The launch was no doubt designed, as well, to help North Korean leader Kim Jong-il — aged and reportedly battling a series of illnesses — assert strength and control on the eve of an important political conference there.

But maybe the most worrisome thing about the North Korean rocket launch was how relentlessly predictable it was, said Bruce Bechtol, an analyst at the U.S. Marine Corps Command and Staff College.

“You can take this to the bank,” he said. The world “will see another ballistic missile launch in the next few months” by North Korea. “They have advanced their missile capabilities.”

No matter who occupied the Oval Office for the last 20 years, North Korea has not altered its basic objectives, said Nicholas Eberstadt, a scholar at the American Enterprise Institute.

North Korea maintains its security as a totalitarian state by advancing as a nuclear power, and by filling its treasury with the aid it can extort from worried nations like China, South Korea and the U.S., and with the cash it gets selling warhead and missile technology to other countries, like Iran.

“Selling this missile to Iran means revenues in the hundreds of millions,” Bechtol said. North Korea “has proliferated almost every kind of ballistic missile in its arsenal to Iran.”

When Syria ran a clandestine nuclear power program in recent years (the one that was destroyed by an Israeli air strike) “the critical factor” in its development “seems to have been North Korean assistance,” said Leonard Spector, an analyst with the Monterey Institute and proliferation expert.

Knowing the formidable nuclear and conventional military force that North Korea could direct against South Korea if provoked, the Obama administration’s own military options are limited; none of the U.S. allies in the region, at this point, want to risk war. The U.S. could have destroyed the Taepodong rocket before it was launched — it sat at the launch site for days — but then would have lost the valuable information the Pentagon gained on North Korean capabilities when tracking its flight.

The launch came when the administration is still reviewing its strategy for Korea, and has several key jobs to fill, concerning northeast Asia, at the Pentagon and State Department.

The immediate American response to the launch, on Capitol Hill and among some in the administration, was disappointment with China, which has subsidized the North Korean economy in recent years and has a history as an ally going back to the days of the Korean War.
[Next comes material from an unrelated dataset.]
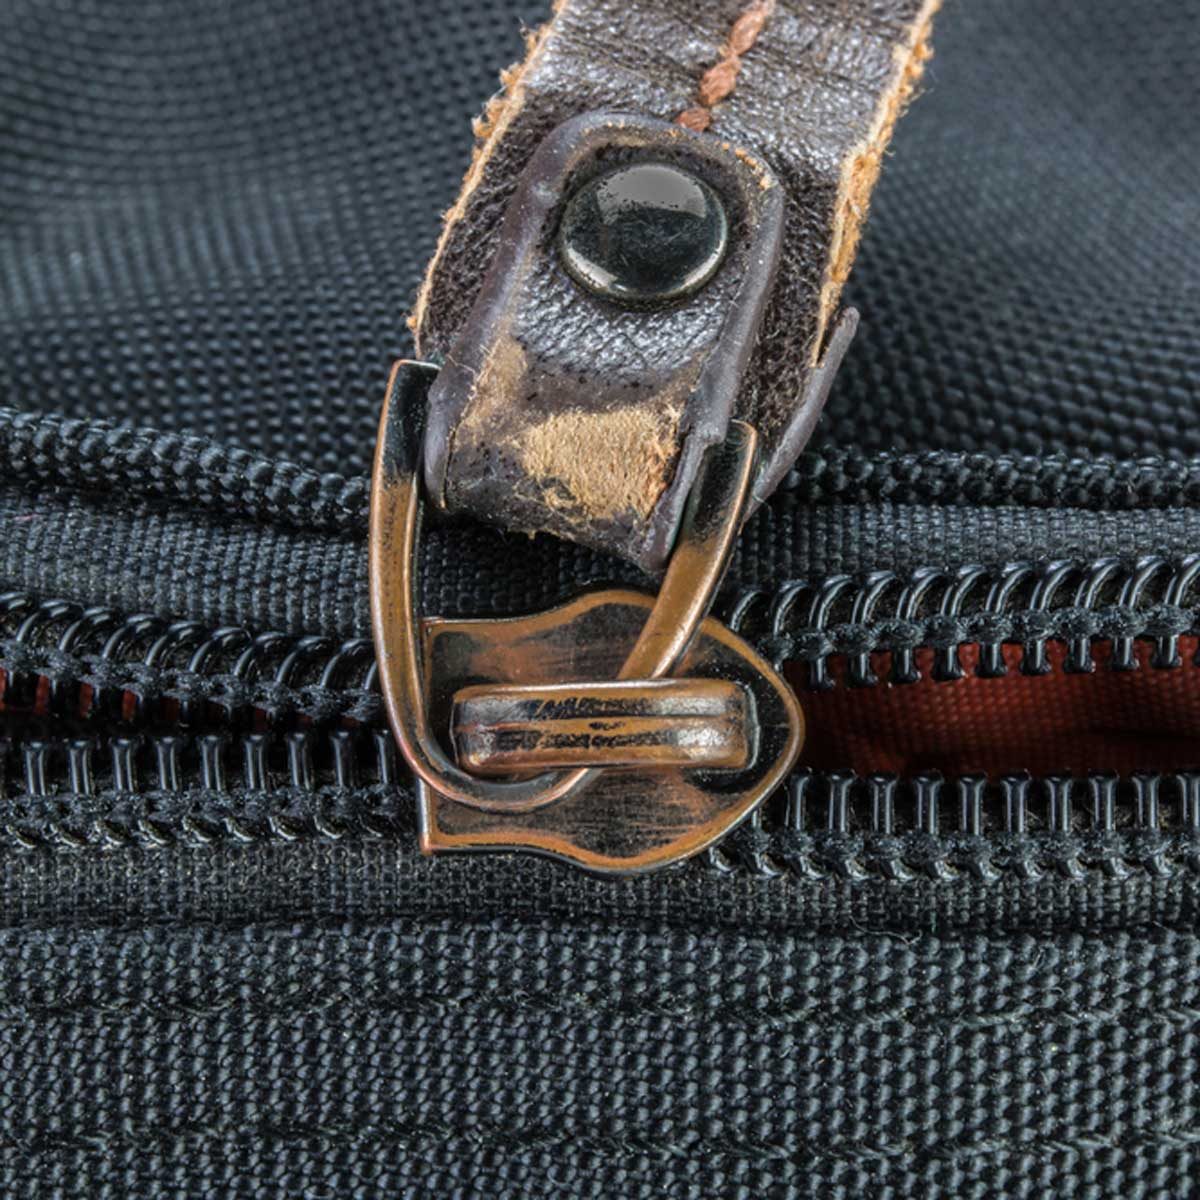 How to Repair Zipper

“There is growing frustration in Washington with China,” Person said. But, he said that while China has “more leverage … than any other nation, its leverage over North Korea is still quite limited.”

The Chinese leadership has its hands full with the transformation of its economy and the global recession. Sharing a long border with North Korea, it values stability above other goals. An outbreak of war or famine or civil chaos on the Korean peninsula could send thousands of refugees fleeing across the border and disrupt China’s development.

The North Koreans know all this. “China’s leverage is not as strong as those in Washington like to think,” Person said.

But while “China is increasingly … stretched very thin,” it still may have the best chance at governing North Korean behavior, said John Park, a scholar at the United States Institute for Peace. Punishing China for North Korean sins could be counterproductive. “If there is a view that North Korea got away with this because China coddled them it’s going to complicate things.”

Indeed, driving a wedge between the U.S. and China — “playing off Washington against Beijing” — could be one of North Korea’s primary goals, said Columbia University’s Joel Wit.

Because of North Korea’s troublesome role spreading nuclear and missile technology, and the advances it is making, the major powers need to act now, in concert and aggressively, as if they were “fighting a malignant tumor,” Wit said.

“Taking diplomatic aspirin is really not going to solve this problem,” he said.